During the meeting, the Dalai Lama also candidly acknowledged that he did not know the foundations of scriptural proscriptions against sexual activity or where they originated, Peskind said.

Participants also said the Dalai Lama expressed the “willingness to consider the possibility that some of the teachings may be specific to a particular cultural and historic context.”

Dogmatic response
According to longtime Buddhist observer and writer Scott Hunt, whose 1993 interview with the leader was published in the January/February 1994 Out magazine, the response of the Dalai Lama to the controversy over the teachings is significant.

Hunt said the religious leader could have put forth the underlying “moral underpinnings” of the strictures – and clearly stated the basis and positive effects of such teachings.

Instead, Hunt said, by propounding the teachings without such discussion, the Dalai Lama seems to be “engaging in dogmatic repetition” and is apparently unable to substantiate their beneficial character, and because of his response, the validity of the teachings have been cast “into serious doubt.” Vigorous debate about such issues and exception to the views of religious leaders such as the Dalai Lama are neither heresy or disrespectful in Buddhist traditions.

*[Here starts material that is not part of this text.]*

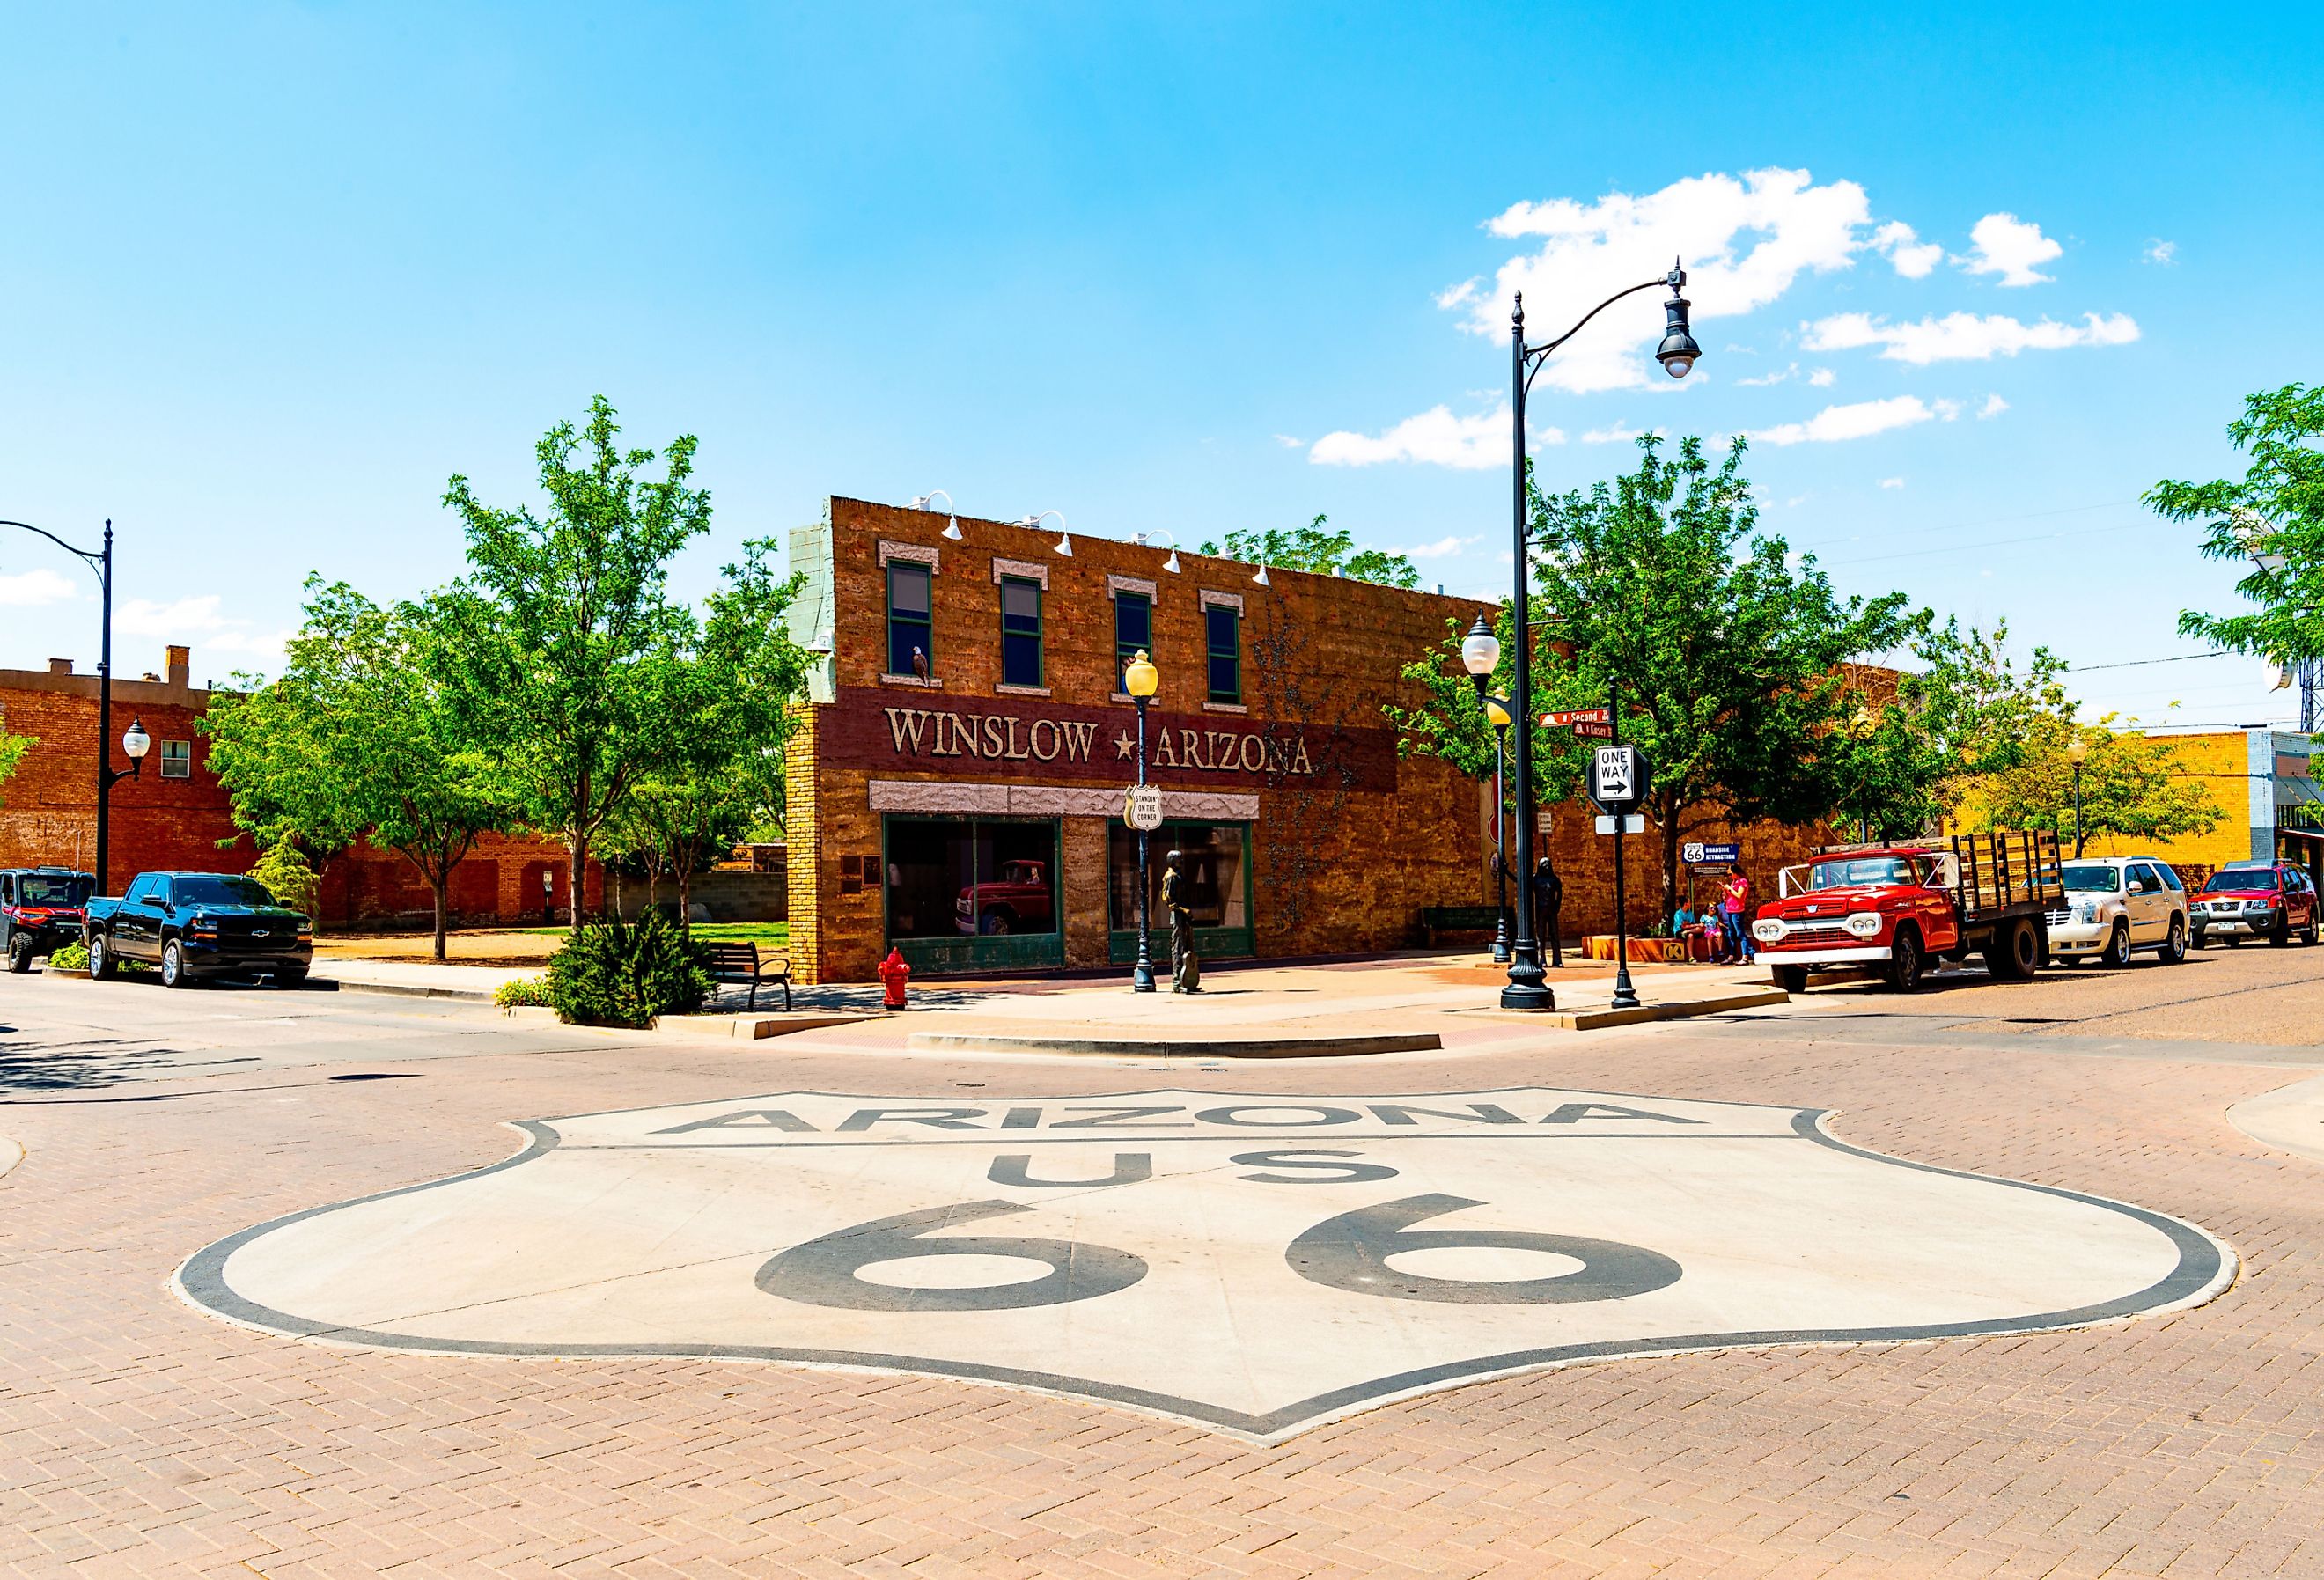 View of the downtown streets from the corner of Historic Route 66 in Winslow, Arizona. Image credit mcrvlife via Shutterstock

“In fact, it’s the practitioner’s duty to examine dogmatic views and to determine their validity,” Hunt said. During the private session, the religious teacher told the activists they would have a harder time changing Buddhist scripture and tradition than advocating for their human rights based on Buddhist principles, according to Peskind.

Organized for the Office of Tibet by attorney Eva Herzer, president of the International Committee of Lawyers For Tibet, the historic meeting included Herzer, Peskind, Buddhist Peace Fellowship activist and Claremont Graduate School Professor of Education Lourdes Arguelles, and Jose Ignacio Cabezon, a gay Buddhist scholar and professor at Iliff School of Theology in Denver, Colorado.

Other participants included the Ven. K.T. Shedrup Gyatso, a fully ordained and openly gay Buddhist monk and teacher who is the spiritual director of the San Jose Tibetan Temple; International Gay And Lesbian Human Rights Commission co-chair Tinku Ali Ishtiaq; and former Congregation Sha’ar Zahav Rabbi Yoel Khan.

“There is still room for movement,” Ishtiaq told the Bay Area Reporter. But the human rights activist said the Dalai Lama’s support for lesbian and gay rights is “very significant.”

Ishtiaq said that the Nobel laureate commands tremendous respect around the world and hoped the leader’s historic statement would have “considerable impact on non-Buddhist religious traditions.”

A conference on Buddhism, sex, gender, and diversity issues is being planned, following the historic meeting with the world religious leader.